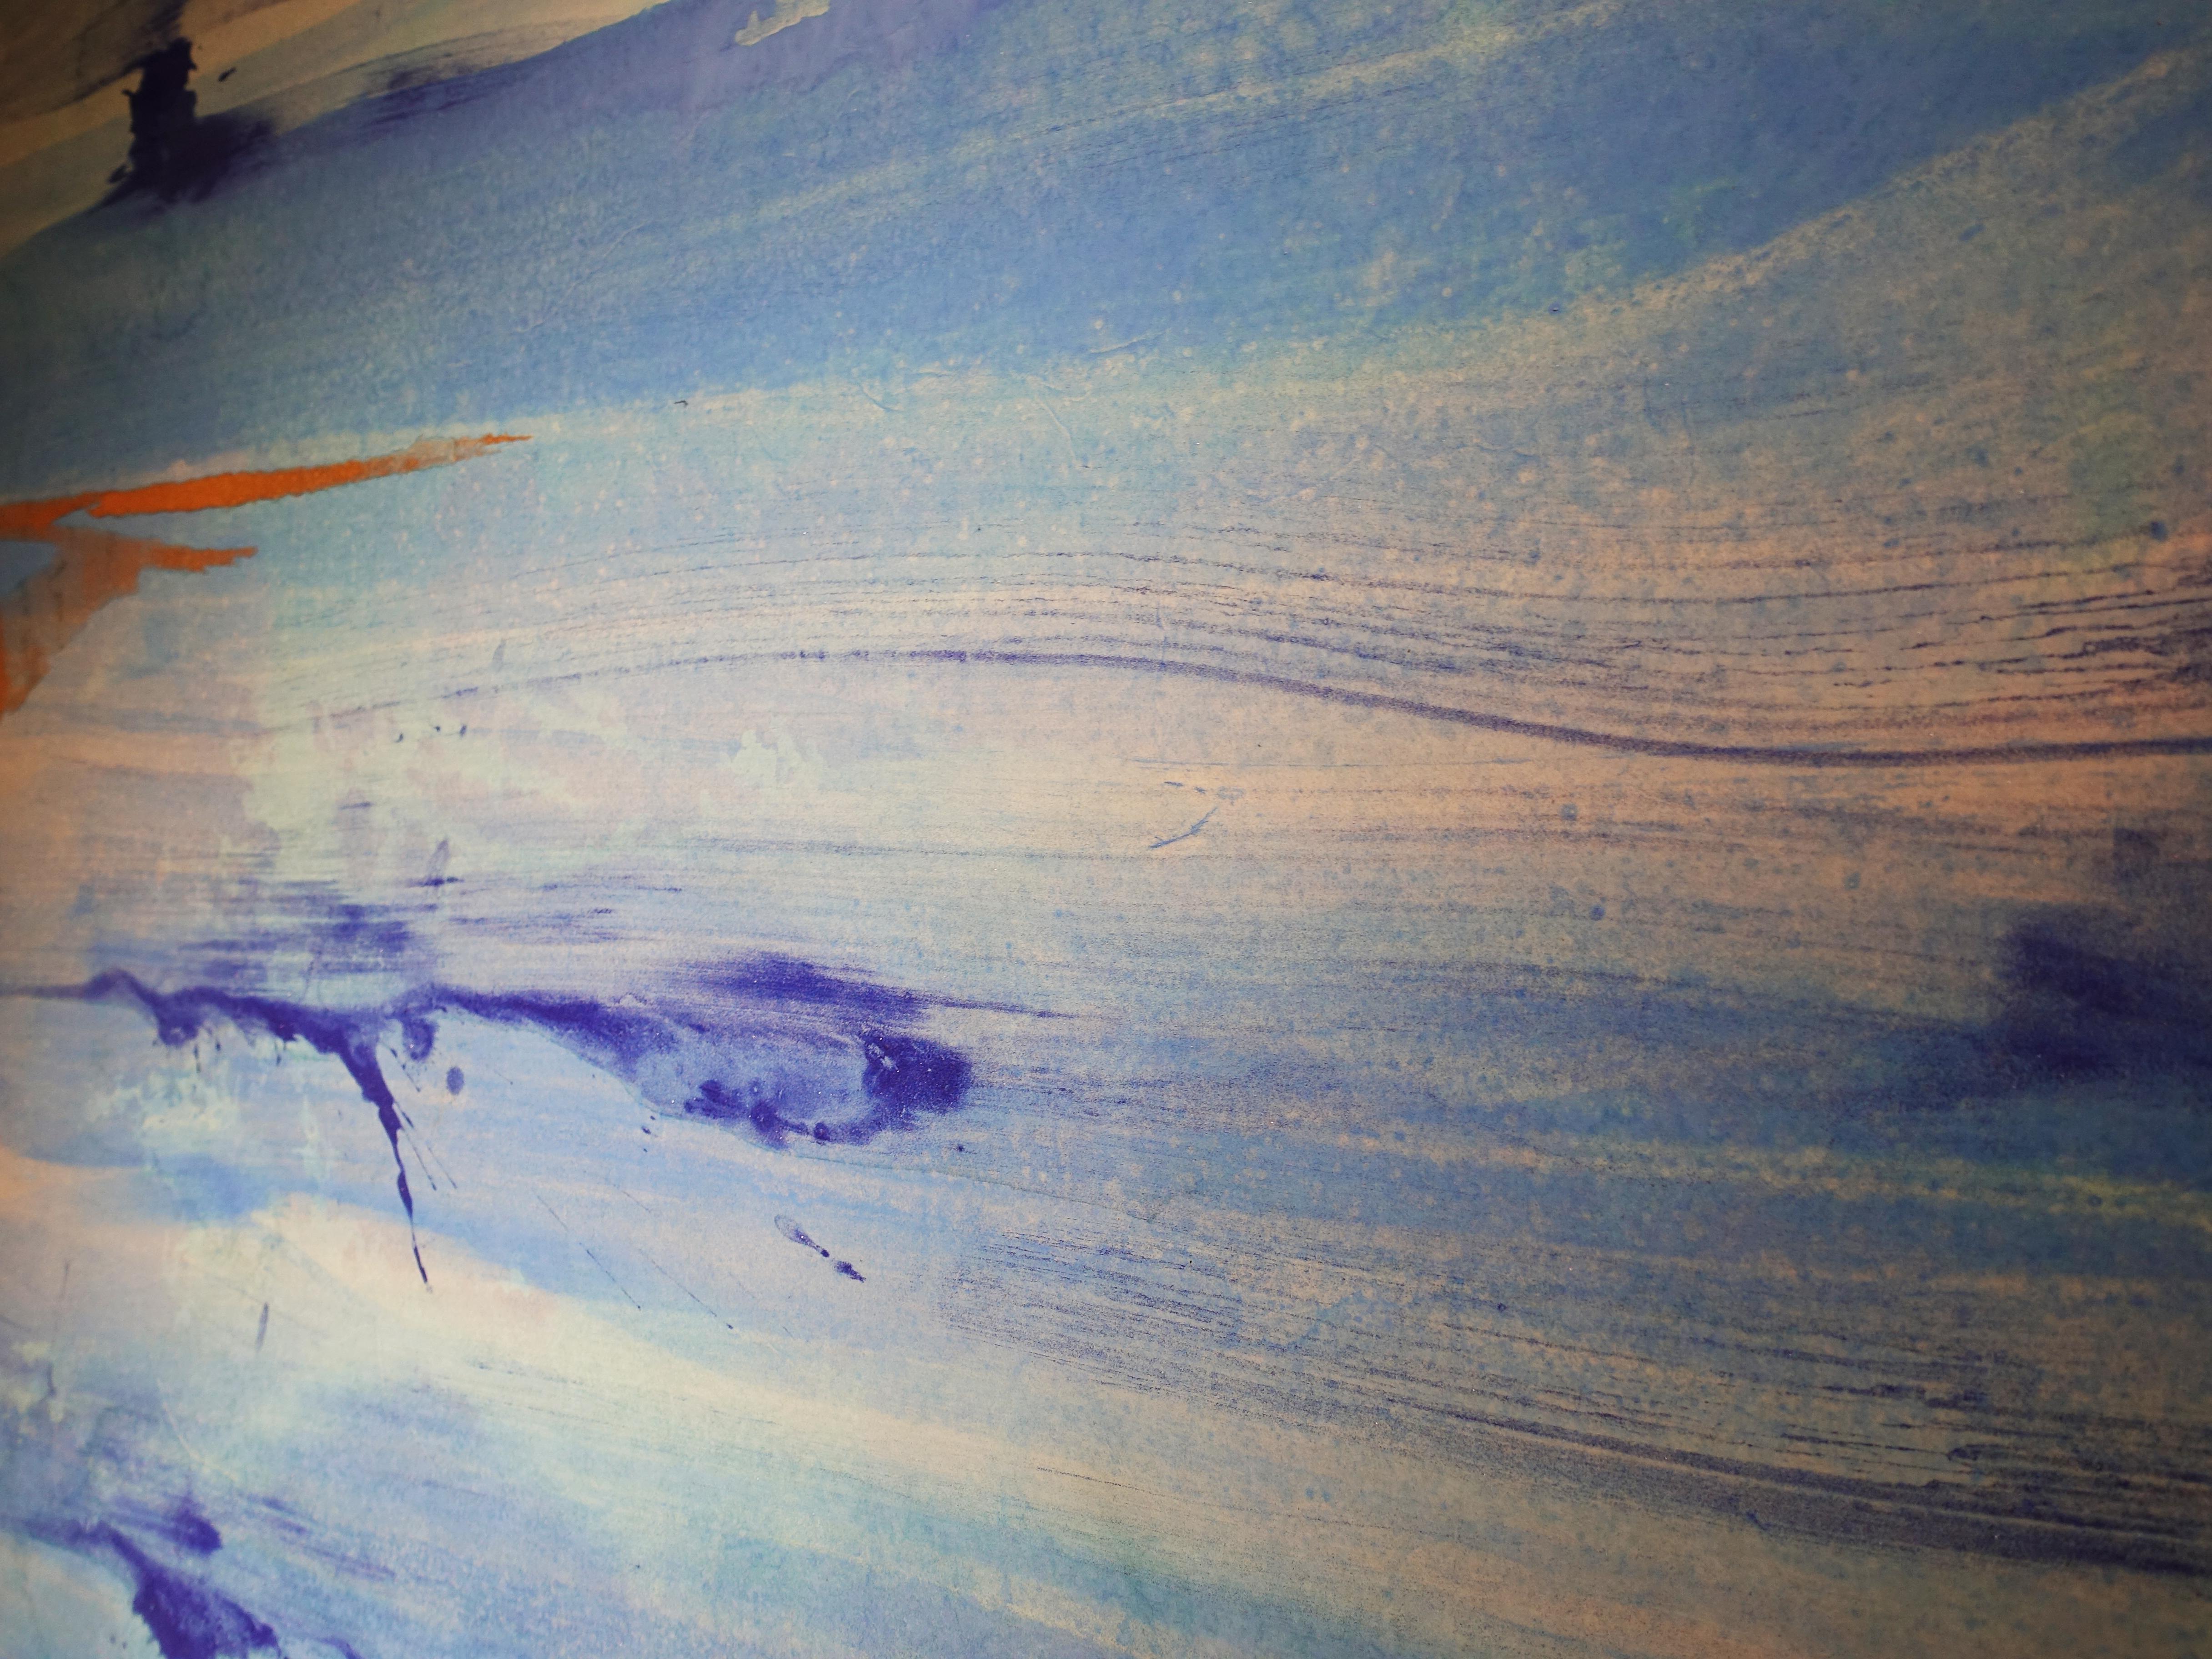 Makoto Fujimura,《January Hour-Nard》細節,137.2 x 94 cm,天然礦物顏料、牡蠣殼、金、雲肌紙,2018。
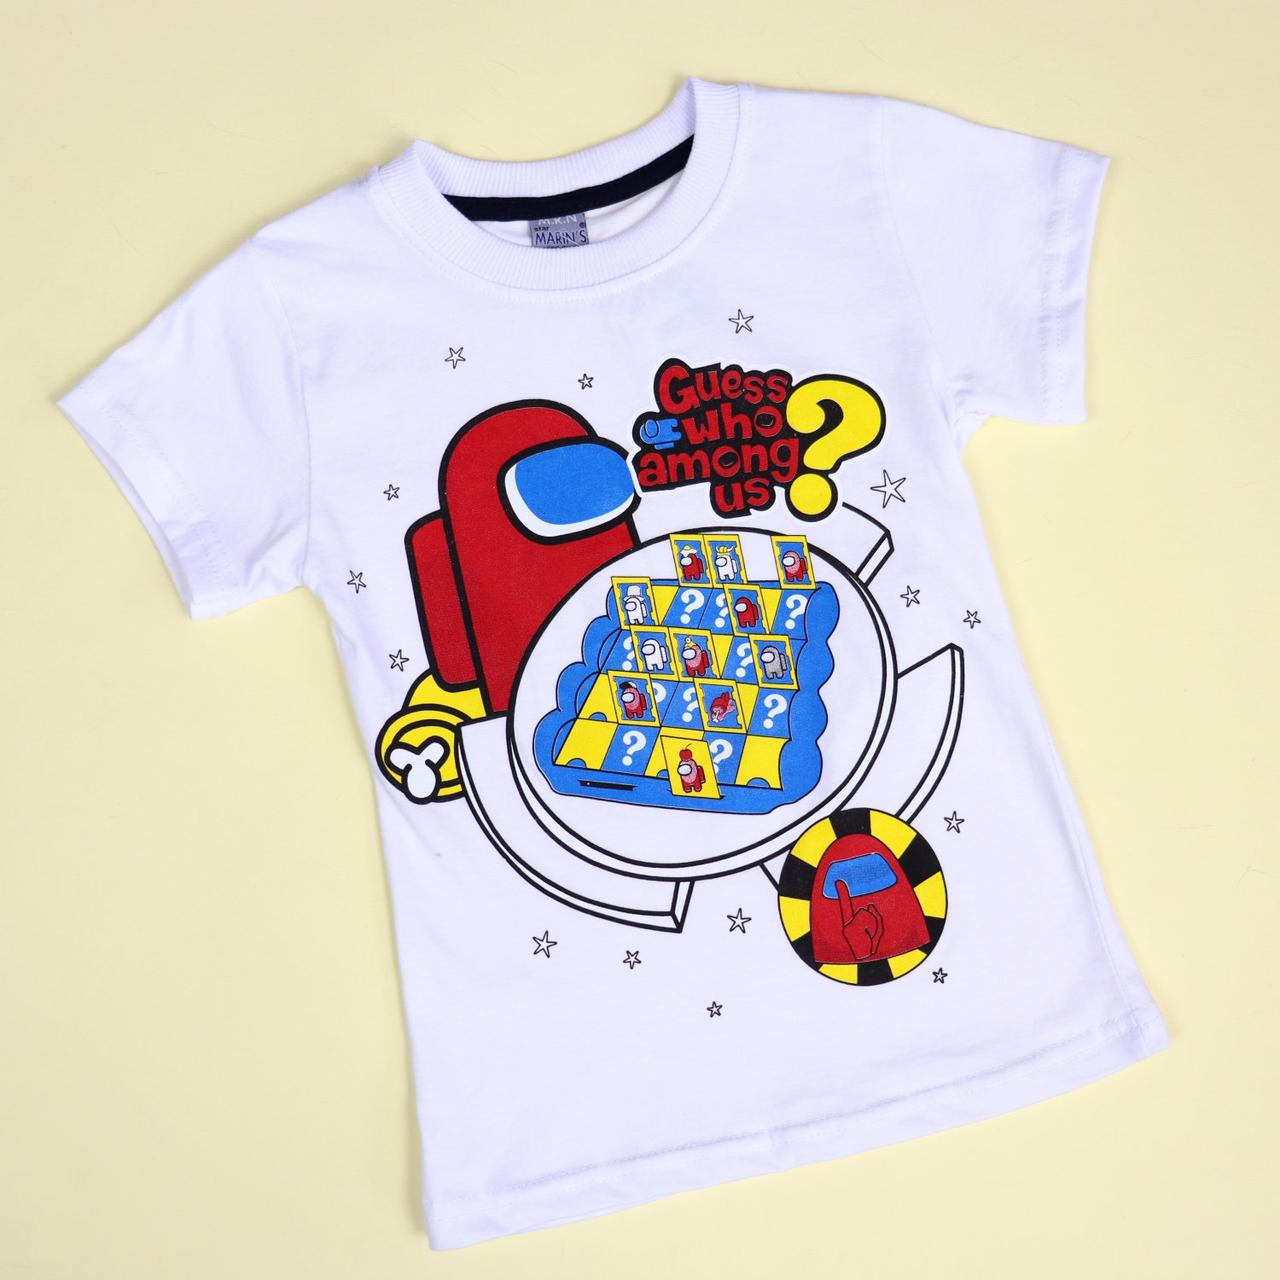 26890бел Белая футболка для мальчика AMONG US тм MARIN'S размер 5,6,8 лет
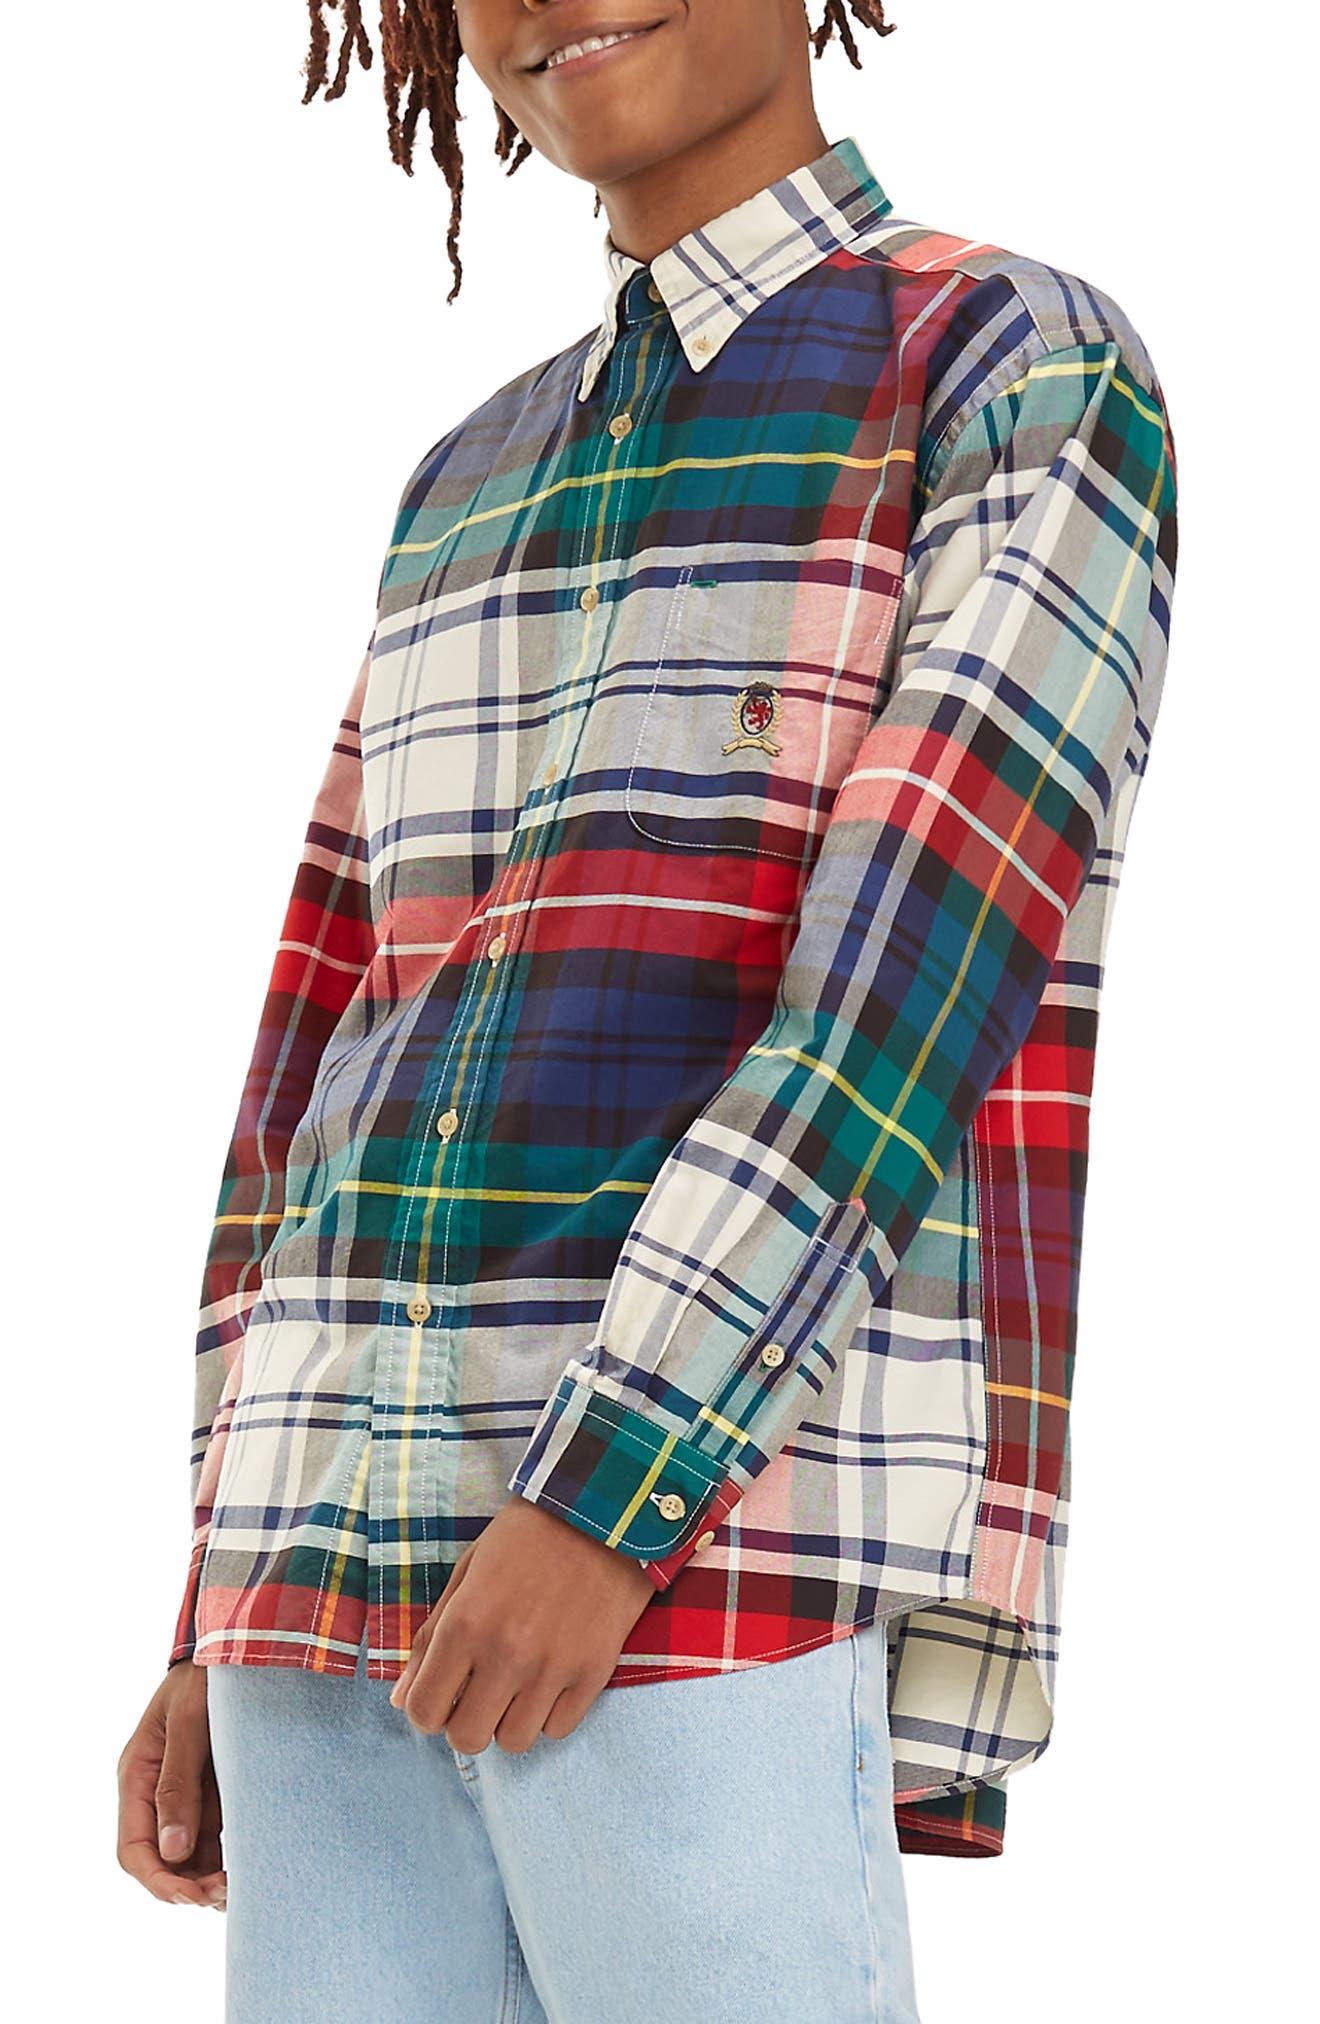 TJM Plaid Crest Sport Shirt,                             Alternate thumbnail 4, color,                             CHECK DARK SAPPHIRE / MULTI
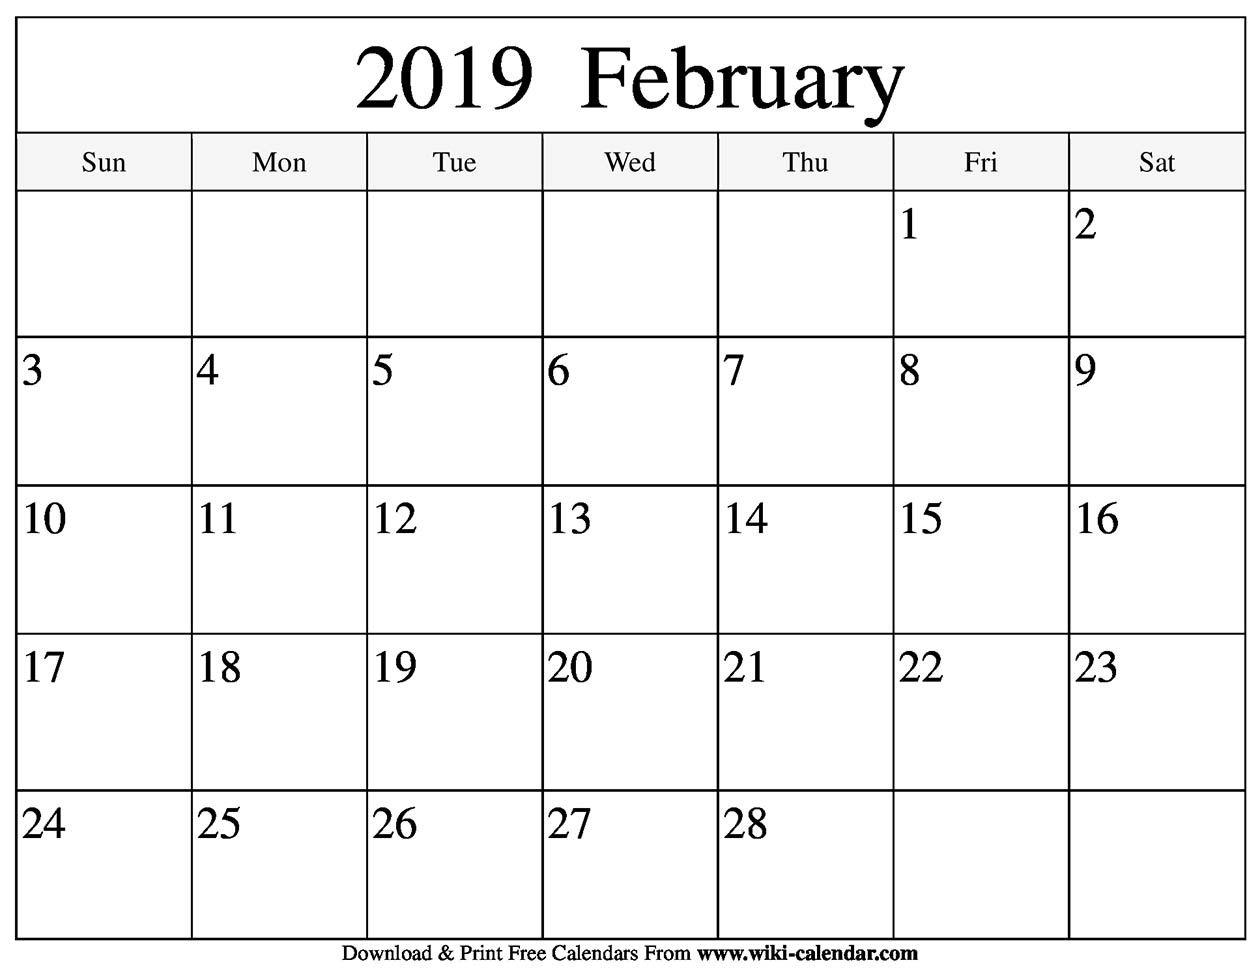 List Calendar For February 2019 February 2019 Blank February 2019 Calendar #February2019Calendar

→ **DIRECTIONS**
The range to set down runs from the line containing "26890бел Белая футболка" through the final line of the data, both ends included; give it exactly and drop the pictures.

→ **ANSWER**
 26890бел Белая футболка для мальчика AMONG US тм MARIN'S размер 5,6,8 лет
 TJM Plaid Crest Sport Shirt,                             Alternate thumbnail 4, color,                             CHECK DARK SAPPHIRE / MULTI
 List Calendar For February 2019 February 2019 Blank February 2019 Calendar #February2019Calendar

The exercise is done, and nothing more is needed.